Does anybody else get strong mood swings about staying on plan? Sometimes I feel incredible sad and discouraged, then 2 minutes later, I feel invincible like I can finally get to my goal. I know it's not blood sugar because it happens too quickly.... Any ideas?
I don't know what it is, but it happens to me too. In the course of one day I can go from "I'M HOT" to "I'M NEVER GOING TO BE ANYTHING BUT A WHALE" and back again countless times. I experience rage and tantrum-like frustration, misplaced feelings of entitlement, and spikes and dips in self-esteem, all in the name of weight and vanity.
I guess the only consolation is knowing that that lows will pass and be replaced with a high eventually. I'm sorry you suffer through this too, but I'm glad to know I'm not alone in this....
Sometimes it's triggered by what type
of clothing I'm wearing. Heels, dress pants,
and a lovely shirt result in a happy Sierra.
Jeans, snow boots, and a jacket (which
is what I wore today, unfortunately) result
in my unhappy, lazy days.
I get this occasionally...I think for me, it might somewhat be blood sugar related. Eating just really honestly does make me happy. I don't know how people can tell you it doesn't or that it's temporary or unrelated. It feels good to be full and satisfied.
And yeah, giving up the foods you love or seeing the scale go the wrong direction can lead me to a bad day. I was practically in tears a few months ago over denying myself a mocha from Starbucks. lol. I thought I was just crazy so hopefully you guys can relate.

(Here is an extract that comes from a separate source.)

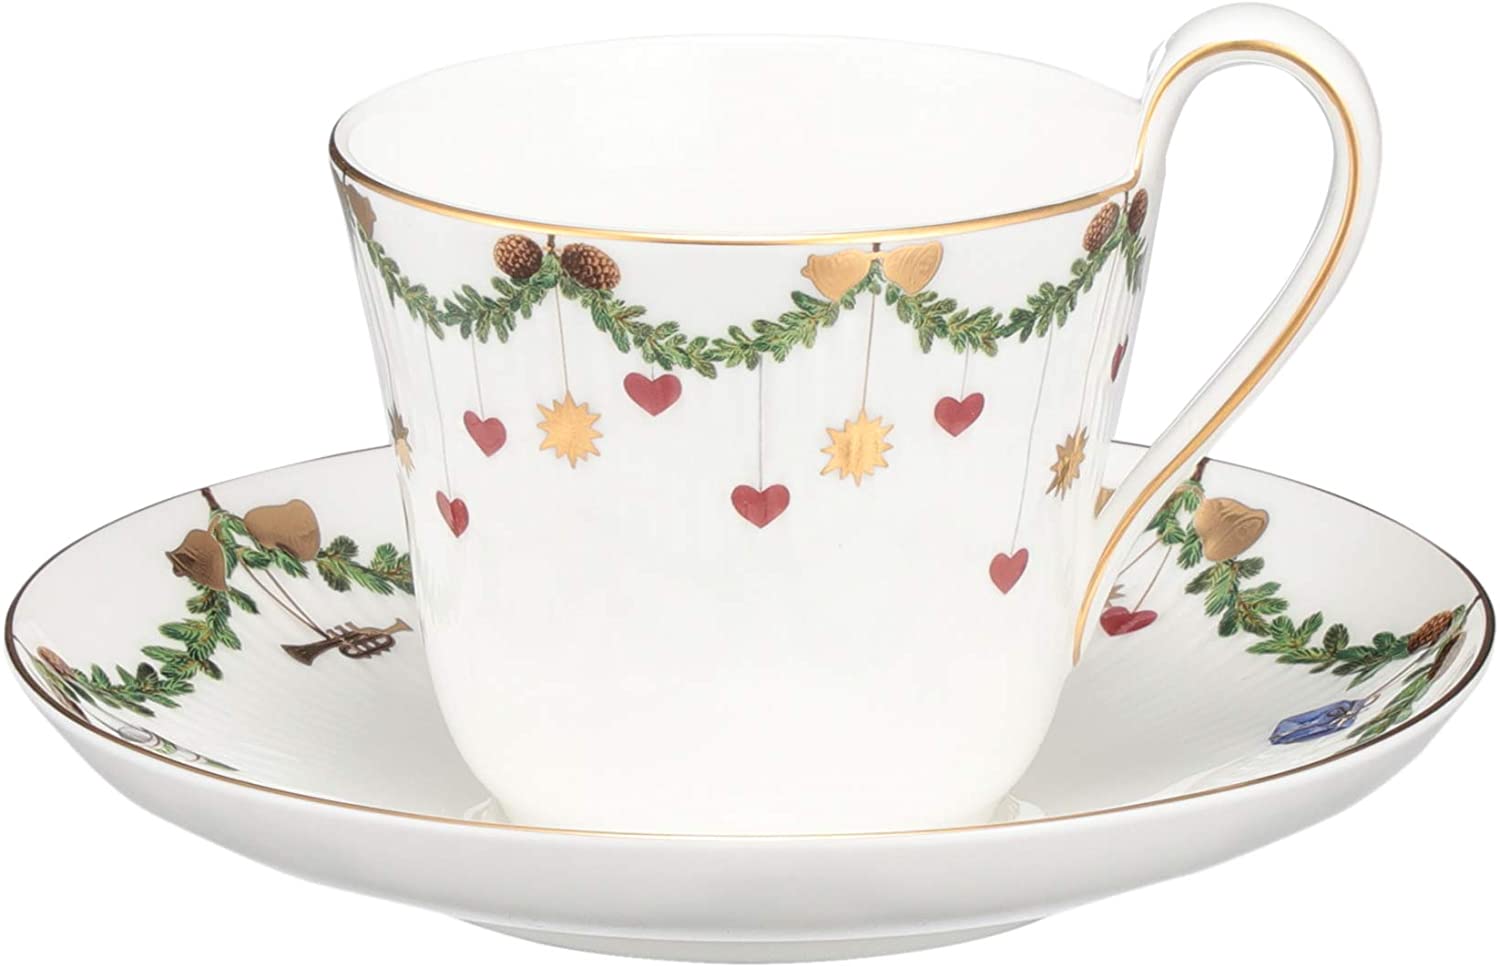 Royal Copenhagen 1017438 Star Fluted/XMAS Top Saucer with High Handles, Porcelain, 240 ml, Multi-Coloured

I experience this too. I think it is partly because I try and try and try and don't succeed. For example, I've been working out, eating right, blah, blah, blah all of January and I weight exactly the same as I did the day after Christmas. I allowed myself 2 or 3 crazy days at Christmas and ate everything. Now after being diligent I have nothing to show for it. Frustrating and makes me want to say "screw it."
But, then I have a moment of sanity and realize that things take time and eventually, if I keep doing the right things, changes will happen.
Is it reactionary? Like something happens and you get upset? Sometimes I see it as willpower supply. And for example, studying for a subject I hate takes some willpower so that there's less willpower for my weight loss efforts hehe. I've recognized this and can now take steps to be in control of my emotions as much as possible. Anything that brings negative energy has the potential to cause a dent in how I feel and how I approach my weight loss efforts. I just have to manage everything, stay on top of it, and remove as much of the negativity as I can.
Another thing, I believe it takes energy to be in a natural high all the time (as opposed to maybe just being neutral). I enjoy when I'm feeling on top of the world but everything in this world is like a wave, with ups and downs. So the inevitable low always comes, and I let it be, I don't fight it, don't pay attention to it, it will go away. The best thing to do imo is to get busy, read a book etc.